Last November, we shared the news that Gollancz will be publishing Aliette de Bodard’s two new books, The House of Shattered Wings and its as-yet-unnamed sequel, in the UK. Now, Roc Books (a division of Penguin) has acquired the U.S. rights to the urban fantasy duology set in Paris after the destruction wrought by the Great Magicians’ War.
The two-book deal was negotiated by John Berlyne at Zeno Agency and Roc editor Jessica Wade.
De Bodard also posted the “squee-worthy” news on her blog, expressing her excitement over her first hardcover release and working with Roc:
Among other squee-worthy things, I get to share a publisher with the fabulous Zen Cho (whose own book I’m very much looking forward to); and other people whose books I read as a child/teen (I’ll actually always associate Roc with Guy Gavriel Kay, which makes me feel… very outclassed).
…Now if you’ll excuse me, I’ll go jump up and down for joy…
Here’s the synopsis for The House of Shattered Wings:
A superb murder mystery, on an epic scale, set against the fall out—literally—of a war in Heaven.
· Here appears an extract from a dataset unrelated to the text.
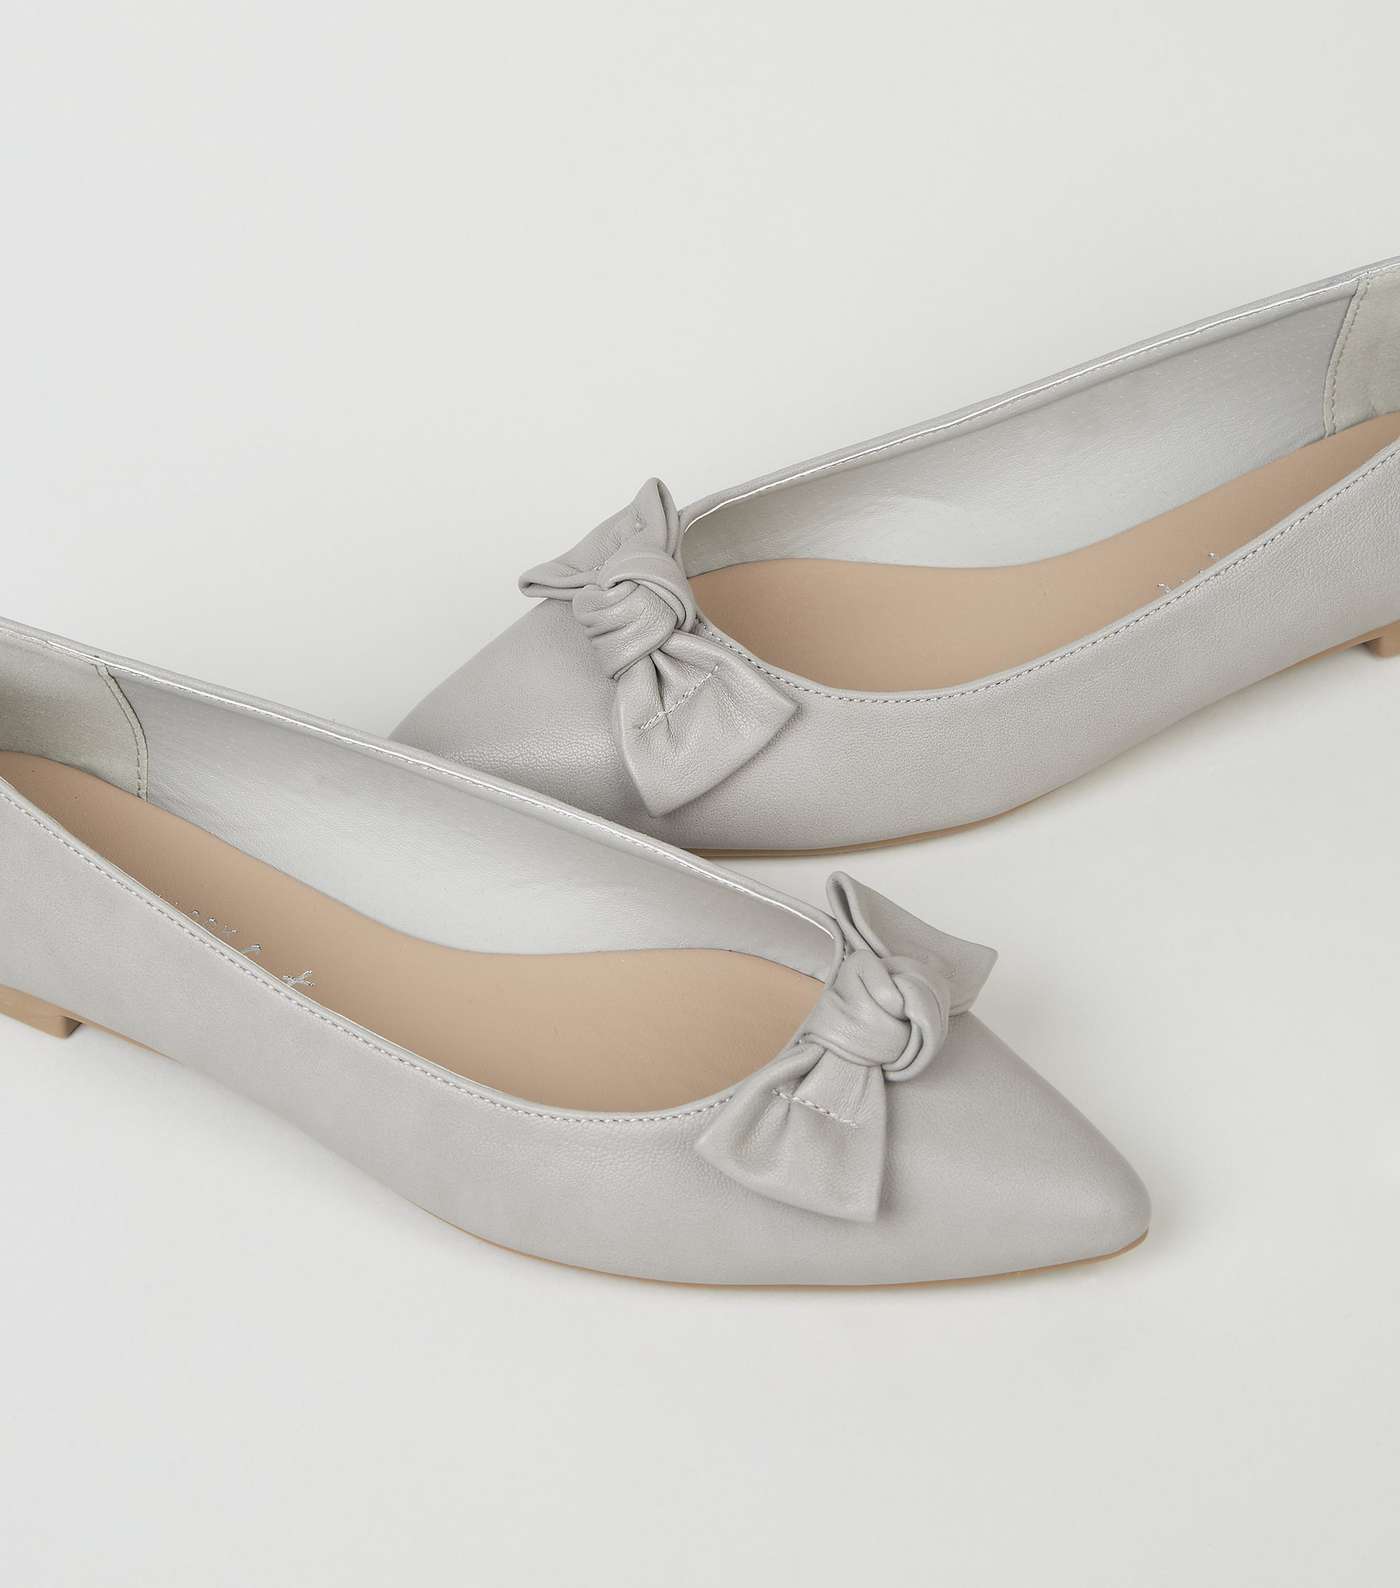 Grey Leather-Look Pointed Bow Ballet Pumps Image 3

Paris has survived the Great Magicians War—just. Its streets are lined with haunted ruins, Notre-Dame is a burnt-out shell, and the Seine runs black with ashes and rubble. Yet life continues among the wreckage. The citizens continue to live, love, fight and survive in their war-torn city, and The Great Houses still vie for dominion over the once grand capital.
House Silverspires, previously the leader of those power games, lies in disarray. Its magic is ailing; its founder, Morningstar, has been missing for decades; and now something from the shadows stalks its people inside their very own walls.
Within the House, three very different people must come together: a naive but powerful Fallen, an alchemist with a self-destructive addiction, and a resentful young man wielding spells from the Far East. They may be Silverspires’ salvation. They may be the architects of its last, irreversible fall…
Both Roc and Gollancz will release The House of Shattered Wings on August 20, 2015, in hardcover.